A charged tail on anti-α-Synuclein antibodies does not enhance their affinity to α-Synuclein fibrils
Inga Petersen, Ana Godec, Farahnaz Ranjbarian, Anders Hofer, Claudio Mirabello, Greta Hultqvist

TL;DR
Adding a negatively charged tail to antibodies targeting α-Synuclein fibrils did not improve their binding and may have reduced it due to repulsion and interference.
Contribution
Demonstrates that a charged peptide tail does not enhance antibody binding to α-Synuclein aggregates and identifies potential reasons for the failure.
Findings
The negatively charged peptide tail reduced the binding strength of antibodies to α-Synuclein aggregates.
The tail may interfere with the antibody's binding site, preventing it from attaching to α-Synuclein fibrils.
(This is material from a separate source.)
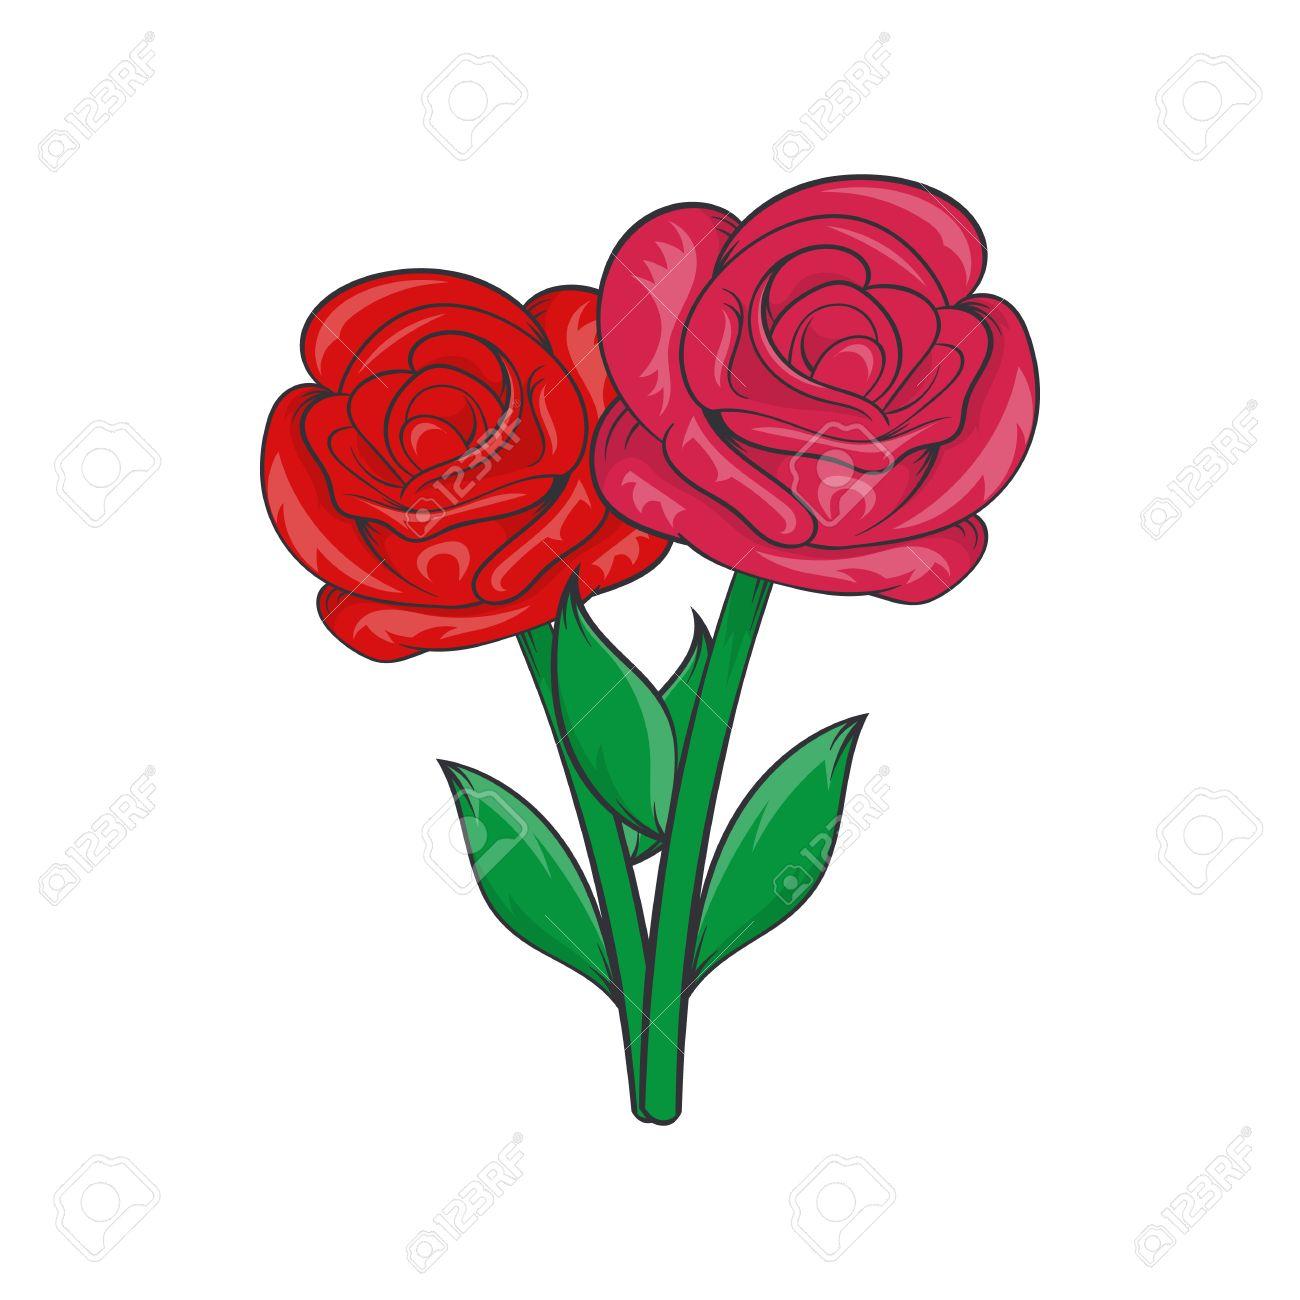 Flowers on grave icon in cartoon style isolated on white background flowers on grave icon in cartoon style isolated on white background death symbol stock vector mightylinksfo

Improving the peptide tail's design to avoid repulsion and mimic heparan sulphates could enhance future antibody therapies.
Abstract
The aggregation of α-Synuclein (αSyn) is strongly linked to neuronal death in Parkinson’s disease and other synucleinopathies. The spreading of aggregated αSyn between neurons is at least partly dependent on electrostatic interactions between positively charged stretches on αSyn fibrils and the negatively charged heparan sulphate proteoglycans on the cell surface. To date there is still no therapeutic option available that could halt the progression of Parkinson’s disease and one of the major limitations is likely the relatively low proportion of αSyn aggregates accessible to drugs in the extracellular space. Here, we investigated whether a negatively charged peptide tail fused to the αSyn aggregate-specific antibodies SynO2 and 9E4 could enhance the antibodies’ avidity to αSyn aggregates in order to improve their potential therapeutic effect through inhibiting cell-to-cell spreading…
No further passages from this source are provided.